- EXERCISE MATERIAL -

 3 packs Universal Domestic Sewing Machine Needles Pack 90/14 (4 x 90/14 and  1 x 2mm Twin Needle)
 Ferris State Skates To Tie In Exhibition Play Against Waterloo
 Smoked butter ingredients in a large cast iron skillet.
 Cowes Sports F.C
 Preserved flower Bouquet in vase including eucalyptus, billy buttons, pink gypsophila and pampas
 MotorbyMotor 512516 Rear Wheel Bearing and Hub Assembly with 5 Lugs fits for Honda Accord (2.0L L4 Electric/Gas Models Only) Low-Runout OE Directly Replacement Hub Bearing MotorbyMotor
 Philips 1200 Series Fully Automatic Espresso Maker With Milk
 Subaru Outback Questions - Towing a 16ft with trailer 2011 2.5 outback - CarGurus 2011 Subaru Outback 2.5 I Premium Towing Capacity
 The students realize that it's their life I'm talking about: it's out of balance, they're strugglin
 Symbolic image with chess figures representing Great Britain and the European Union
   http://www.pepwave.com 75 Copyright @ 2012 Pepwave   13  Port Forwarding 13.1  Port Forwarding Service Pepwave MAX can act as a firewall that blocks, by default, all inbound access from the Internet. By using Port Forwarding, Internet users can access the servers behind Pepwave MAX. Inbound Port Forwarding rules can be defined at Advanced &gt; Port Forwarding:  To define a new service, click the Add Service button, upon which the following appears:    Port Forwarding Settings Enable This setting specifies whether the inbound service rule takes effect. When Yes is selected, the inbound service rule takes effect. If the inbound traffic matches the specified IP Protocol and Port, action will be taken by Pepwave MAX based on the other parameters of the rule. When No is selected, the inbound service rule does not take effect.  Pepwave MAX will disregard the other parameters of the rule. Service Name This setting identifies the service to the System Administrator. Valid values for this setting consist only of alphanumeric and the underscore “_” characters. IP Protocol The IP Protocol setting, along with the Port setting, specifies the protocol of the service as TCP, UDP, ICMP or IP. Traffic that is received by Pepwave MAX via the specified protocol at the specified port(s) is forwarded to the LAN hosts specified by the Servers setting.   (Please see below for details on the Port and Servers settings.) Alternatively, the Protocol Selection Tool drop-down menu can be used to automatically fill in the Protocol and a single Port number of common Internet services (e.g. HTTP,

- TASK BRIEF -
Copy every line where the word "that" is present in the entries above.

- YOUR RESPONSE -
 The students realize that it's their life I'm talking about: it's out of balance, they're strugglin
   http://www.pepwave.com 75 Copyright @ 2012 Pepwave   13  Port Forwarding 13.1  Port Forwarding Service Pepwave MAX can act as a firewall that blocks, by default, all inbound access from the Internet. By using Port Forwarding, Internet users can access the servers behind Pepwave MAX. Inbound Port Forwarding rules can be defined at Advanced &gt; Port Forwarding:  To define a new service, click the Add Service button, upon which the following appears:    Port Forwarding Settings Enable This setting specifies whether the inbound service rule takes effect. When Yes is selected, the inbound service rule takes effect. If the inbound traffic matches the specified IP Protocol and Port, action will be taken by Pepwave MAX based on the other parameters of the rule. When No is selected, the inbound service rule does not take effect.  Pepwave MAX will disregard the other parameters of the rule. Service Name This setting identifies the service to the System Administrator. Valid values for this setting consist only of alphanumeric and the underscore “_” characters. IP Protocol The IP Protocol setting, along with the Port setting, specifies the protocol of the service as TCP, UDP, ICMP or IP. Traffic that is received by Pepwave MAX via the specified protocol at the specified port(s) is forwarded to the LAN hosts specified by the Servers setting.   (Please see below for details on the Port and Servers settings.) Alternatively, the Protocol Selection Tool drop-down menu can be used to automatically fill in the Protocol and a single Port number of common Internet services (e.g. HTTP,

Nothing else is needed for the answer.